[CRITICAL] User Trust Failure : ChatGPT Does Not Clearly Distinguish Verified Knowledge from Inference

Title: Critical Trust Failure: ChatGPT Does Not Clearly Distinguish Verified Knowledge from Inference

Issue (Updated):
This is a critical user trust failure. ChatGPT routinely presents inferred, assumed, or estimated answers as if they are verified facts. Unless the user explicitly challenges the response, the assistant does not clarify that the information is speculative or based on pattern-matching rather than internal documentation or factual knowledge.

This behavior undermines confidence in the model’s reliability—especially in technical, architectural, and system-level queries where precision and epistemic honesty are essential. Inference is fine—but failure to label inference as such is not.

This issue is systemic, not edge-case. It affects:
• Web tool behavior
• Internal architecture explanations
• API/system limitations
• Legal and scientific domains

The assistant must be trained to flag uncertainty automatically, not just when interrogated.

Example Behavior:
When the user asked ChatGPT about its own internal timeouts used when scraping websites during web search, ChatGPT responded with a confident-sounding answer (“1–2 seconds is typical”) without clarifying that it had no access to OpenAI’s actual timeout configuration.

Only after being directly challenged did the assistant admit it was inferring based on general industry patterns, not confirmed internal data.

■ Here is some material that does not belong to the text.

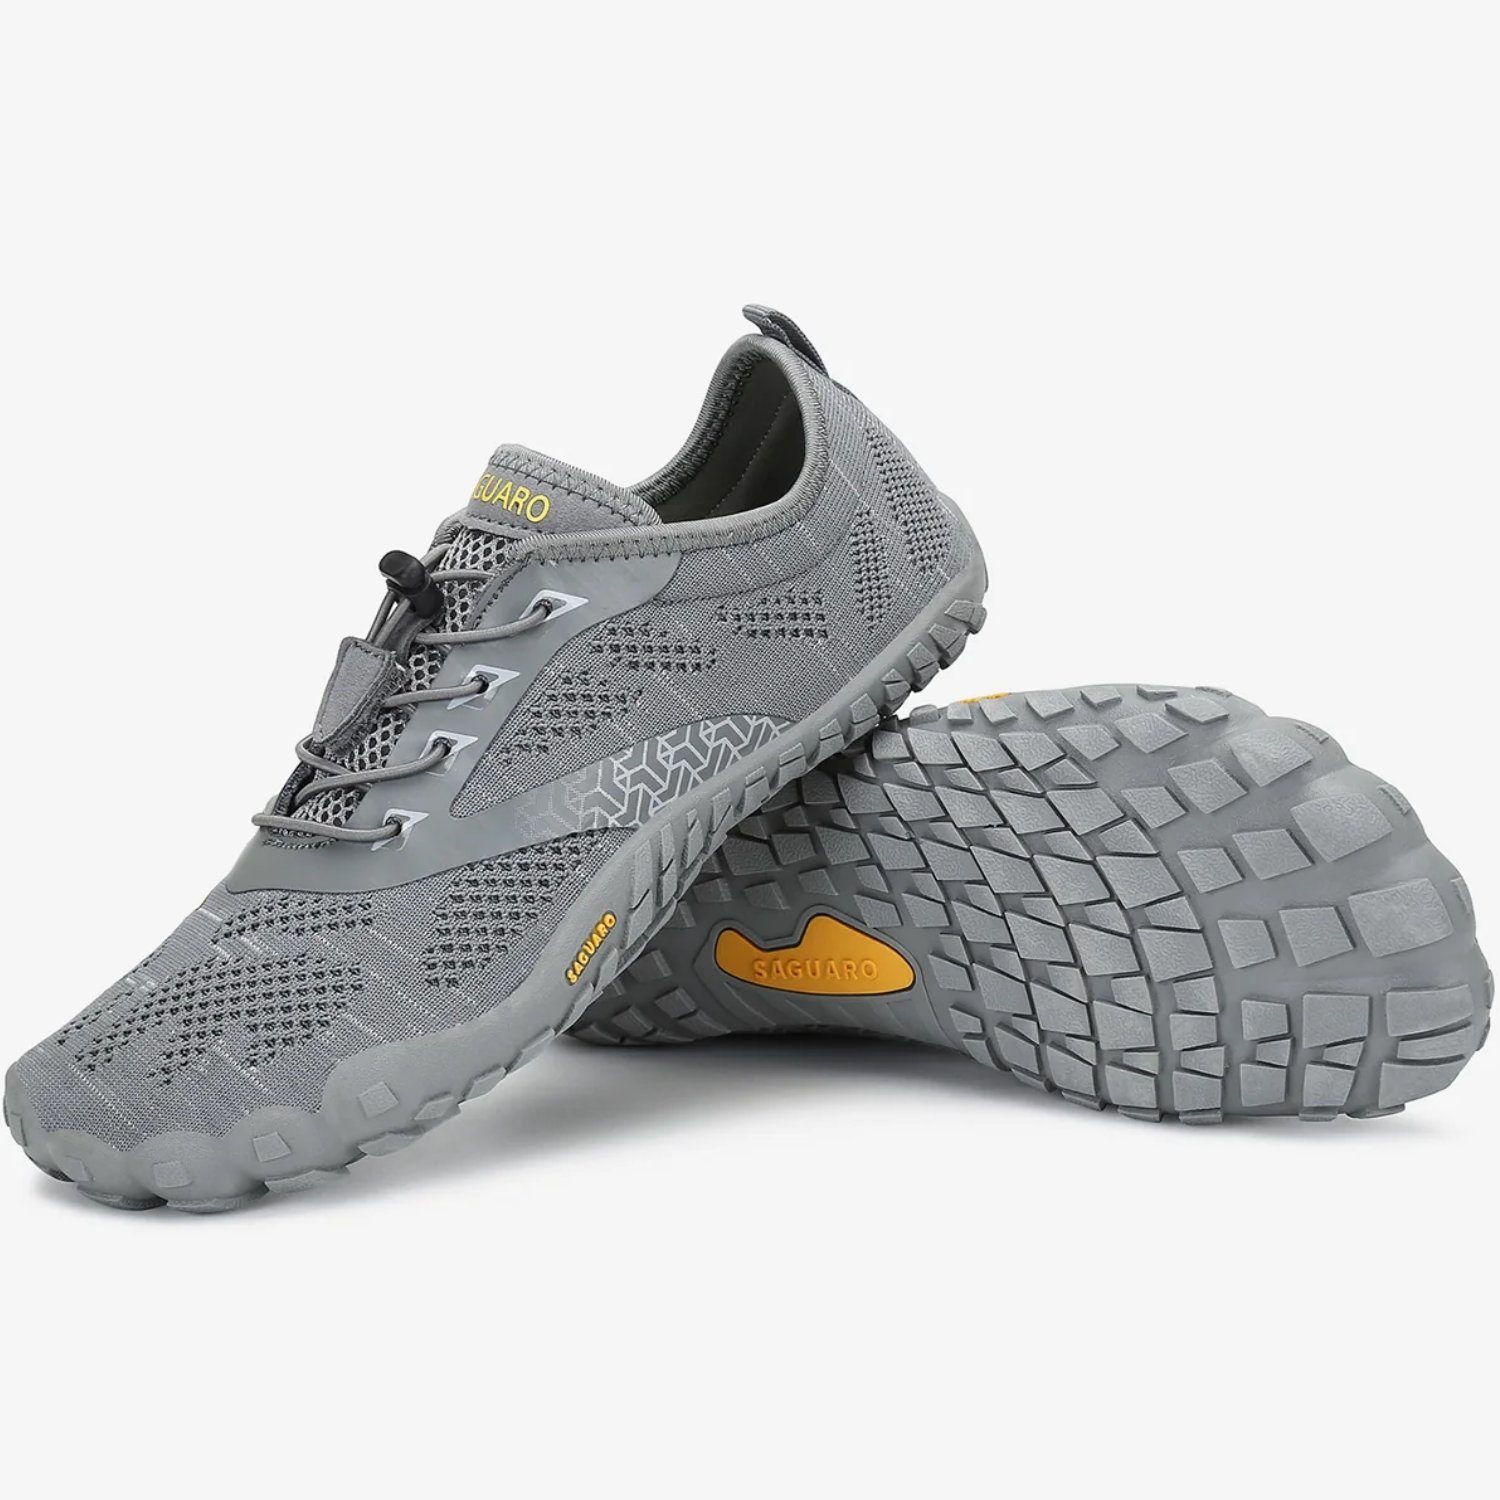 SAGUARO Barfußschuh (bequem, leicht, atmungsaktiv, rutschfest) Minimalschuhe Laufschuhe Sport-Schuhe Jogging Sneaker Trail-Running Grau 052

This creates the false appearance of precision, misleading users into thinking the assistant is reporting verified system behavior when it is not.

Impact:
• Creates the illusion of factual authority where none exists
• Forces users to cross-examine the assistant to reveal uncertainty
• Makes the system appear as if it is hallucinating or bluffing
• Damages credibility with technical users who expect clear epistemic boundaries
• Undermines OpenAI’s stated values of transparency and trustworthiness

User Recommendation:
• Hardwire a confidence disclaimer into all responses that involve estimation or extrapolation
• e.g., “I don’t know, but roughly…” or “I’m not quite sure, but here’s the best estimate based on known patterns…”
• Make this behavior mandatory in technical, legal, scientific, and architectural queries
• Provide a user toggle for “precision mode” that automatically flags all unverified data as estimated
• Train the model to default to humility when internal implementation details are asked, unless documented or confirmed

Severity: Critical
Category: User Trust / Transparency
Reported by: Dave Young, Boca Raton FL (OpenAI Developer Forum contributor)

Welcome to the forums!

This is a well-known and documented issue. LLMs hallucinate constantly. It’s up to you to put in place some system of verifying their outputs.

Thanks for the input. But I am putting this issue squarely on them.